A PerkinElmer DMA Q800 instrument (TA Instruments, Inc, New Castle, USA) was used to assess and record the compressive properties of the tracheal (native, decellularized, genipin-treated and glutaraldehyde-treated) samples (n = 3 for each condition) in real time. For this testing, the trachea specimens (5 mm diameter) were prepared with the adventitia and lamina propria removed. The exact measurements were input into the software and the specimen was appropriately positioned in the instrument. A force was then applied at 200 mN/min up to 3,000 mN and the Young’s (compressive) modulus (MPa) ± SD was determined for each analysis.
in vivo pro-angiogenic properties
Chicken embryo chorioallantoic membrane (CAM) assays were used as an in vivo model to evaluate the angiogenic properties of fresh, decellularized, genipin-treated and glutaraldehyde treated tracheal grafts. As previously reported14, fertilized chicken eggs (n = 3 for each condition) were incubated under constant humidity at 37 °C. On incubation day 3, a square window was opened in the shell to detach the developing CAM after the removal of 2 mL of albumin. The window was sealed with a glass and the eggs were returned to the incubator.
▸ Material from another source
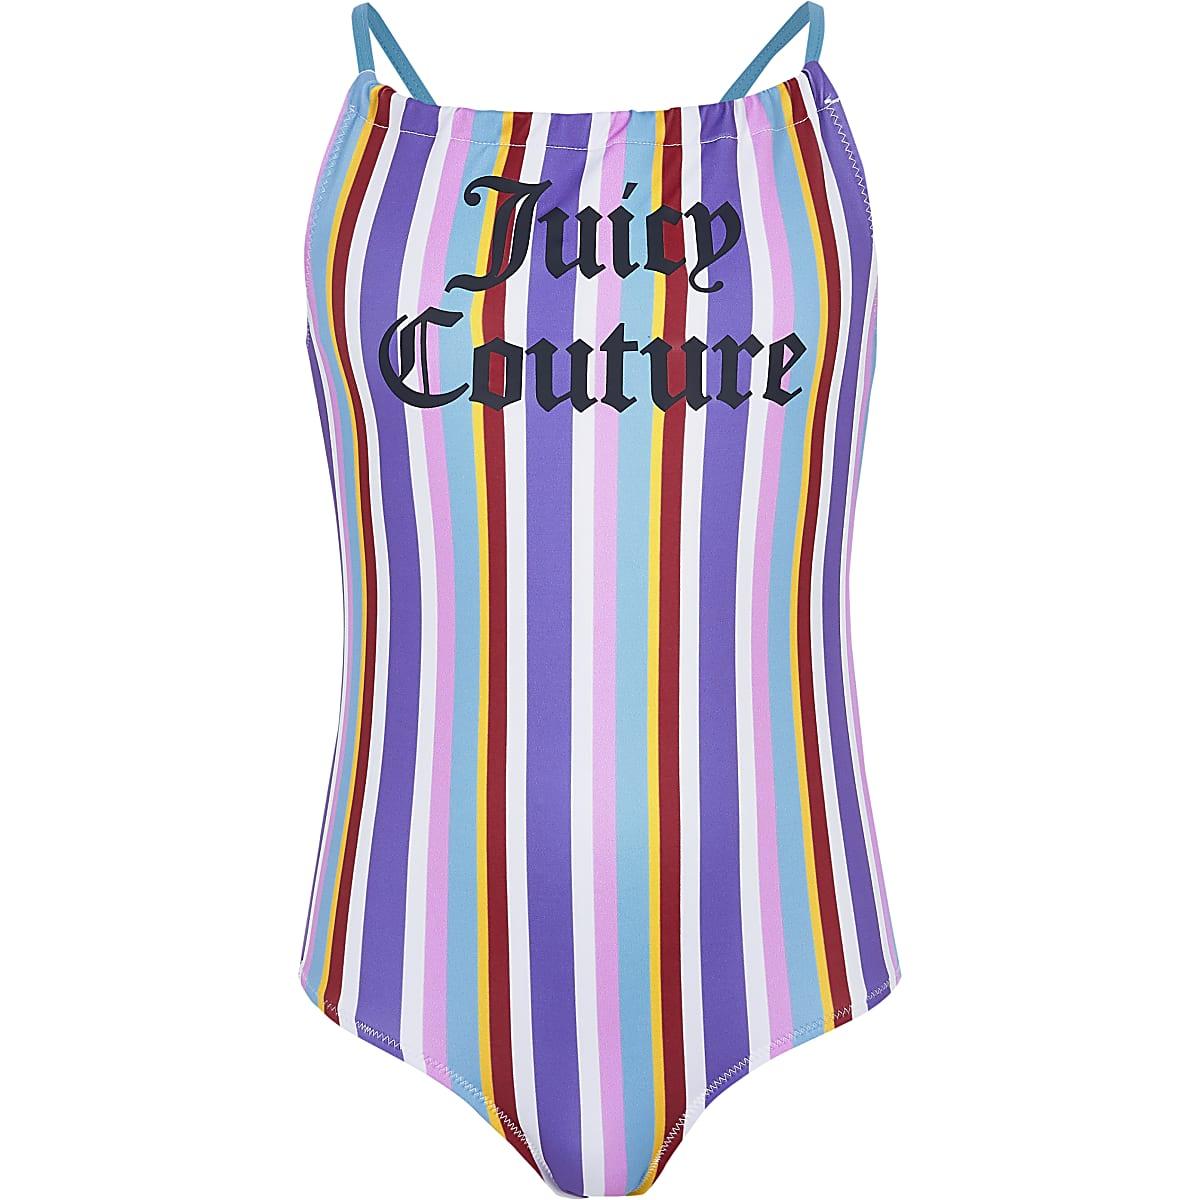 Juicy Couture blue stripe swimsuit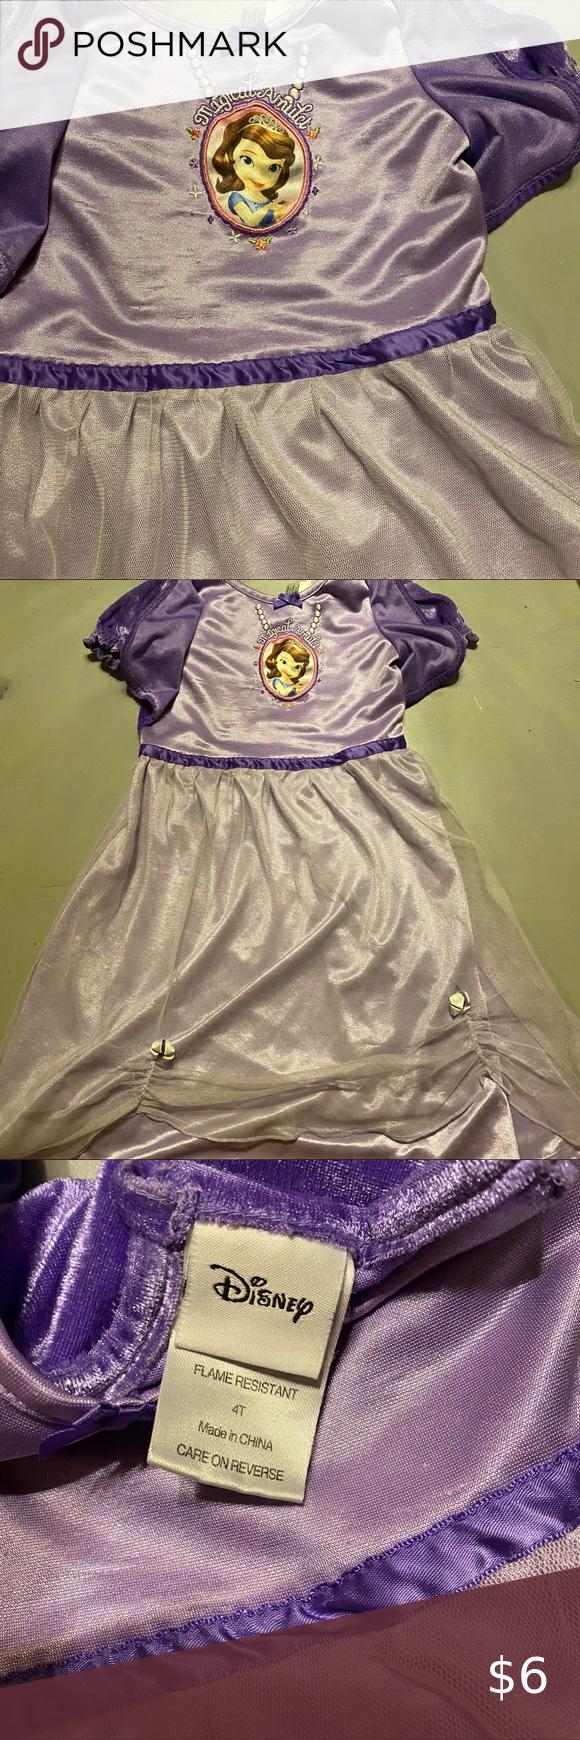 Purple Disney Sophia Dress Dress Up Disney Princess Sophia Size 4t Purple Dress Dress Up Disney Dresses Casual Sophia Dress Disney Dresses Clothes Design [ 1740 x 580 Pixel ]

On day 8 of incubation, 1 mm3 tracheal samples were placed on the CAM. Next, 1 mm3 sterilized gelatine sponges (Johnson & Johnson, New Jersey, USA) containing vehicle alone (PBS) were used as negative controls. All procedures were performed under sterile conditions. CAMs were examined daily until day 12 and photographed in ovo. The angiogenic response was evaluated as the number of vessels converging toward the implants and the sponges on day 12.
Matrix implantation and postoperative observation
Matrix samples (1.5 cm) were implanted under the dorsal skin of SD rats (n = 45). Rats were randomly divided into 5 experimental groups (nine animals each): Group A were sham rats; Group B rats received the native tracheal matrix; Group C rats received the decellularized tracheal matrix; Group D rats received the genipin (1%)-treated tracheal matrix; and Group E rats received the glutaraldehyde (0.625%)-treated tracheal matrix. Rats were killed (three animals for each group) on days 7, 15 and 30. Blood samples were taken and the implanted tracheae were analysed both macroscopically and stained with H&E.
Analysis of tissue from rat recipients
Blood samples from rats were analysed to identify the levels of total circulating IgG and IgM (mg/ml) with an enzyme-linked immunosorbent assay kit (Bio-Swamp, Beijing, China). Tissue samples were immersed in 10% buffered formalin for 24 h and embedded in paraffin. Then, sections were stained with H&E and examined for the presence of inflammatory cells.
Statistical analysis
All quantitative data are expressed as the mean ± SD. Differences between groups were assessed using the one-way analysis of variance with the post hoc t-test using a commercial statistical package (SPSS 19.0, Inc. Chicago, IL). Differences were considered significant at the 95% level (p < 0.05).
Results
Matrix characterization
The decellularized tracheal matrix maintained a sufficient extracellular matrix and structural rigidity. Movat’s pentachrome staining (Fig. 1A,B) showed that the histological structure of the native rabbit trachea included a ciliated epithelium covering the basal membrane, cartilage and muscular tissue. After 7 decellularization cycles, the three-dimensional architecture and composition of the matrix remained intact and was virtually unaltered, including the preservation of the basement membrane. Nuclei stained with 4′-6-diamidino-2-phenylindole (Fig. 1C,D) were completely removed in the noncartilaginous tissue and a small number of nuclei remained only in the thick cartilage and cell debris retained in the lacunae after seven cycle. Safranin O staining (Fig. 1E,F) showed that glycosaminoglycan expression was mainly concentrated in the cartilaginous region. After the seventh cycle, there was a significant loss of glycosaminoglycan in the outer layer of the tracheal cartilages, with the remaining glycosaminoglycan mainly expressed in the core area of the cartilage. Immunolabelling of the type II collagen (Fig. 1G,H) within the cartilage matrix suggested that, compared with the native trachea, the decellularized tracheal matrix experienced no significant decline in the collagen content.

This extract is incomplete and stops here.